A system is nonlinear if the relationship between its input and output cannot be described by a straight line. Detecting such a relationship is confounded when random noise is present in the system's output. Most relationships in petroleum engineering are nonlinear. The first part of this work describes a numerical experiment that uses a known but noisy nonlinear function to generate system input. The function contains a parameter that specifies the degree of nonlinearity and an independent white noise component. For varying degrees of nonlinearity and noise we investigate which of three techniques, conventional linear regression, the optimal transform method, and a neural network, best reproduce the input-output response.
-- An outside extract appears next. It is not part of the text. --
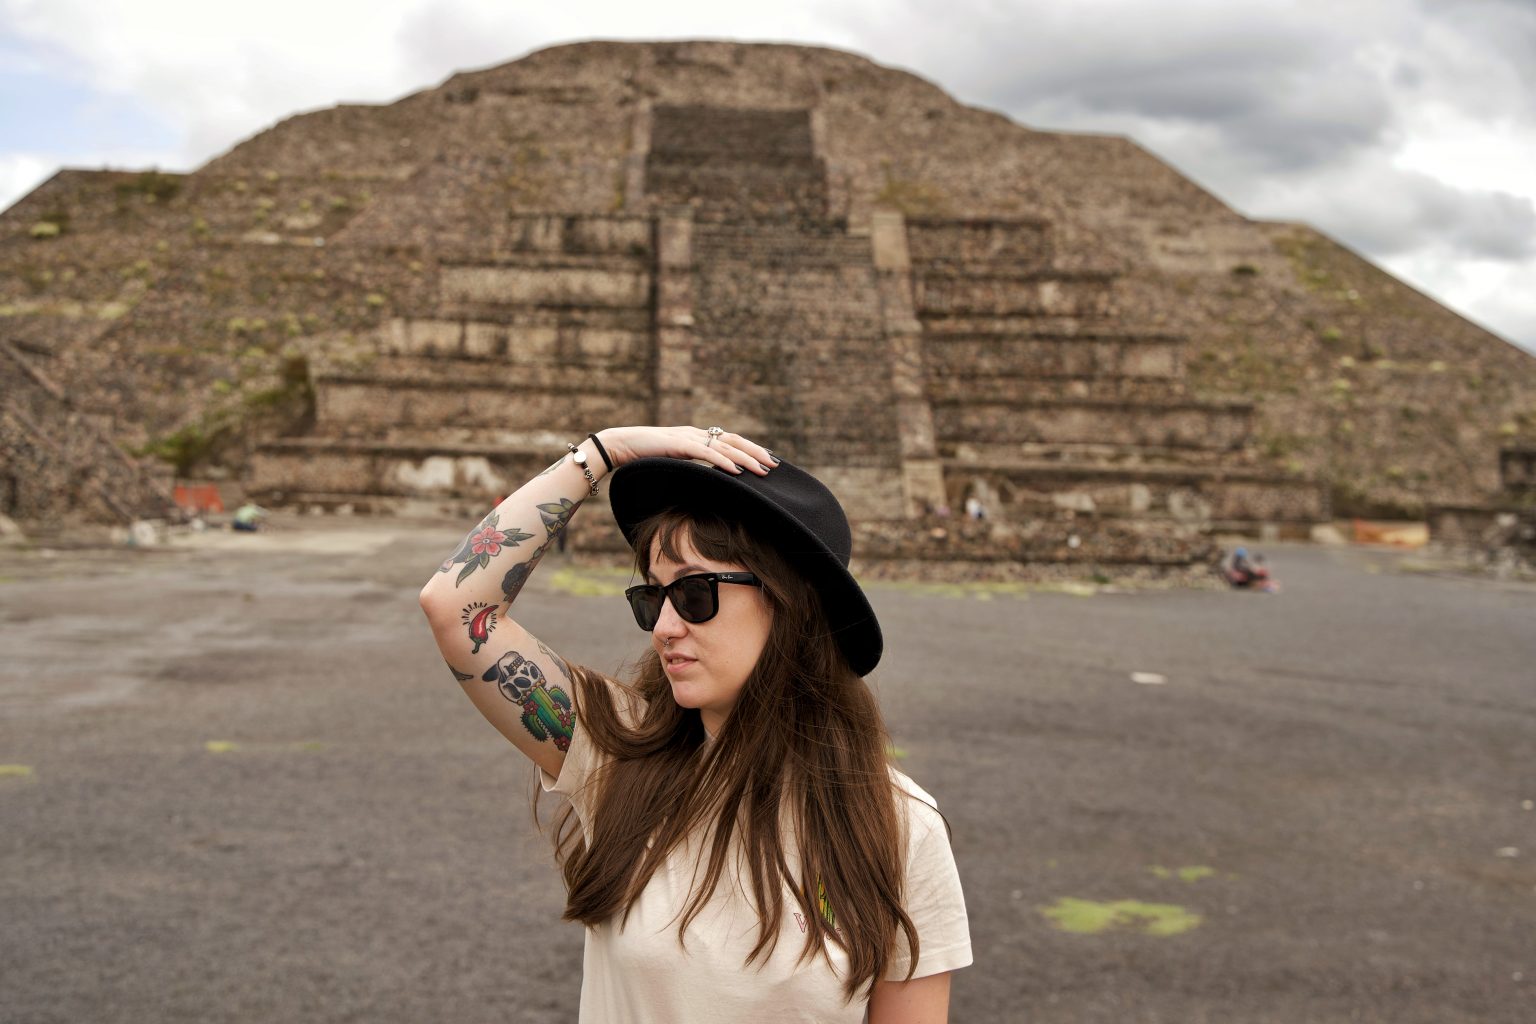 Pirámides de Teotihuacán. Cómo llegar a Teotihuacán desde Ciudad de México

As expected, linear regression works best (in the sense that it reproduces the known function) when nonlinearity is small. Optimal transforms work best for moderate amounts of noise and for nonlinear functions. No technique works, regardless of how nonlinear it is, when the system is dominated by noise.

The optimal transform procedure is illustrated by correlating oil recovery efficiencies reported in the Atlas of Major Texas Oil Reservoirs database. The results are obtained by performing the procedure on data sets that have been preprocessed by dividing according to drive mechanisms and/or reservoir classes.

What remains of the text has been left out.